Резко выгружаюсь из рассуждений практическим заданием. Хорошо, что разговор с Нинель вспомнила. Срочно нужно узнать, что такое «уремическая интоксикация». Не от жажды познаний – из тщеславия. Быть глупее Нинель мне непозволительно. Хоть высшее филологическое и не получала, должна, всё же, держаться на уровне.

– Никому, говорю, не рассказывай! – снова кричит товарищ Мамочкин из коридора. Решил, видимо, что я уже забыла. На этот раз обошлось без взломов. Прильнул губами к дверной щели и орёт.

Что ты будешь делать? И жалко старика и невыносимо с ним нянчиться… Ощущаю стыд: ну что я раздражаюсь против старика? Ответно припадаю губами к дверной щели, ёжусь от стреляющей в упор струйки холодного воздуха, набираю полную грудь и вежливо ору Мамочкину в самое горло:

– Не волнуйтесь, товарищ Мамочкин, никому ни словечка про вас не скажу! Не переживайте! Спать идите!

Послушно успокоившийся старик, шаркая, исчезает в глОтке нашего коммунального коридора.

Я снова погружаюсь в воду, размышления, и свою беспричинную, всё нарастающую тревогу. Подведём-ка итоги последних дней… Итак, ничего нового о Цветаевой я так и не узнала. А ведь на маму, собственно, была вся надежда. Она всю эту кашу заварила, ей бы и разгребать…

Когда-то, в период моего подросткового становления, я, как и положено, страшно скандалила с родителями. Тогда я уже жила здесь, то есть у бабушки, и отношения с маман уже переросли в ту безмерно болезненную любовь, когда люди не умеют жить ни вместе, ни порознь. Долго не видеть друг друга мы не могли: задыхались от кучи невысказанного, которой поделиться можно только друг с другом, потому как куча эта совсем личная и трудно объясняемая посторонним. Общаться часто тоже не могли: доводили друг друга до слёз малейшим невниманием и совершенно не могли разговаривать из-за этих вечных обоюдных упрёков. Отчётливо помню насыщенный запахами летний вечер того периода. Мы с маман сидим на крыльце веранды. Я демонстративно курю, она игнорирует эту демонстрацию и смотрит прямо перед собой, уязвлённая каким-то очередным моим трактатом о пользе жизни без родителей. Я продолжаю разглагольствовать, а маман перебивает резко. Полушёпотом, ничуть не стесняясь уже привычно влажных во время моих приездов глаз, улыбается одними губами и задумчиво произносит: «Знаешь, а вот Цветаева повесилась, когда сын сказал, что она ему не нужна». Что было дальше, не помню. Наверняка помирились, поплакали хором о такой дурацкой нашей неспособности общаться. А фраза запомнилась и всплыла в памяти, как только я взялась за Рукопись. К статье о смерти Цветаевой эта информация была бы очень интересна… Собственно, истекшие выходные были принесены в жертву решению этого вопроса. Я поехала к маман спрашивать и осталась ни с чем. Маман о том нашем разговоре категорически не помнит и про источник информации сказать ничего не может: «Может, я сама это придумала, а может, и вычитала где. Выбрось из головы. Ты же претендуешь на объективность – вот и руководствуйся только проверенными фактами». Я взвыла мысленно и дала себе очередной зарок на важные темы с домашними не разговаривать. Как про меня такое можно думать?! На объективность Рукописи я никогда не претендовала. Антология смерти не может быть объективной – как можно объективно писать о том, к чему неравнодушен?!

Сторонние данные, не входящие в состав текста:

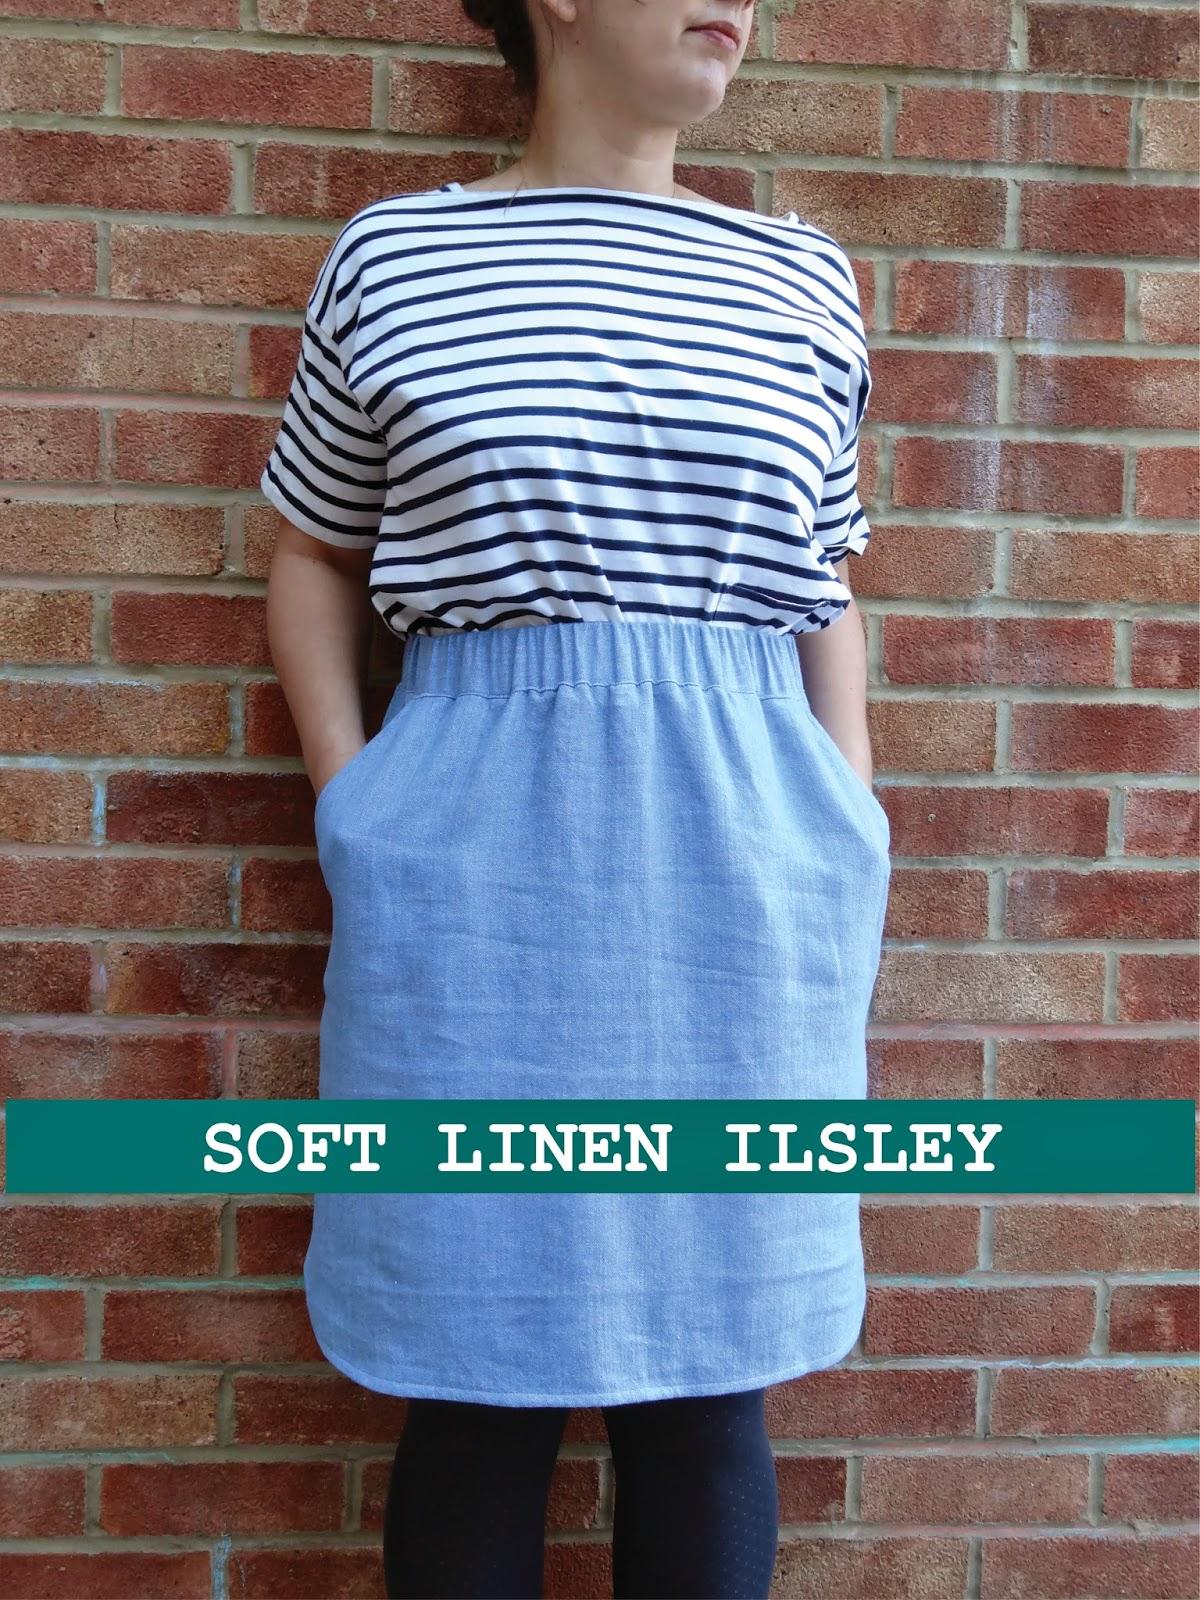 http://marillawalker.blogspot.co.uk/2015/02/ilsley-skirt-free-pattern-download.html

Общий язык с обожаемой своей маман я в очередной раз не нашла. О чём жалею теперь страстно, за что нижайше прошу простить меня, как и за всё содеянное. И нет никаких слов, чтобы выразить степень моей к ней любви и моей перед ней виноватости… Больше об этом писать ничего не буду. Слишком болезненно, а мне силы экономить нужно.

Объективный взгляд:

Глупо было надеяться раскопать что-то новое о самоубийстве Цветаевой. Там всё давно уже сказано. Не стоило ехать к матери, чтоб убедиться, что факт несостоятелен – ссора с сыном не являлась толчком к Цветаевскому самоубийству. Марина Ивановна повесилась осознанно, вовсе не в порыве обиды.

Откуда вообще можно было взять информацию о ссоре?

Из воспоминаний современников? Нет. Обращаясь к сыну «на повышенных тонах» Марина Ивановна всегда переходила на французский, и Мур отвечал тем же. Те, кто был свидетелем последних месяцев поэтессы, не могли понимать текст. Фраза: «Ну уж одного из нас точно вынесут отсюда вперед ногами», – презрительно брошенная Муром матери в одну из ссор, – не в счет. Марина Ивановна всегда была сторонницей чёрного юмора, /слишком сама любила,/ смеяться, когда нельзя/, и всерьёз пораниться о подобное высказывание не могла.

Из дневника Мура? Нет. В опубликованных страницах дневника нет рассказа о последней ссоре с матерью. «Марина Ивановна поступила логично», – скажет Мур после смерти Цветаевой, спасая её имя от обвинений в чудовищном эгоизме. То есть он её поступок случайной вспышкой не считает. Да и сама она писала в предсмертной записке сыну: «Я тяжело больна, это уже не я», то есть подчёркивала, что выбор свой делает осознанно.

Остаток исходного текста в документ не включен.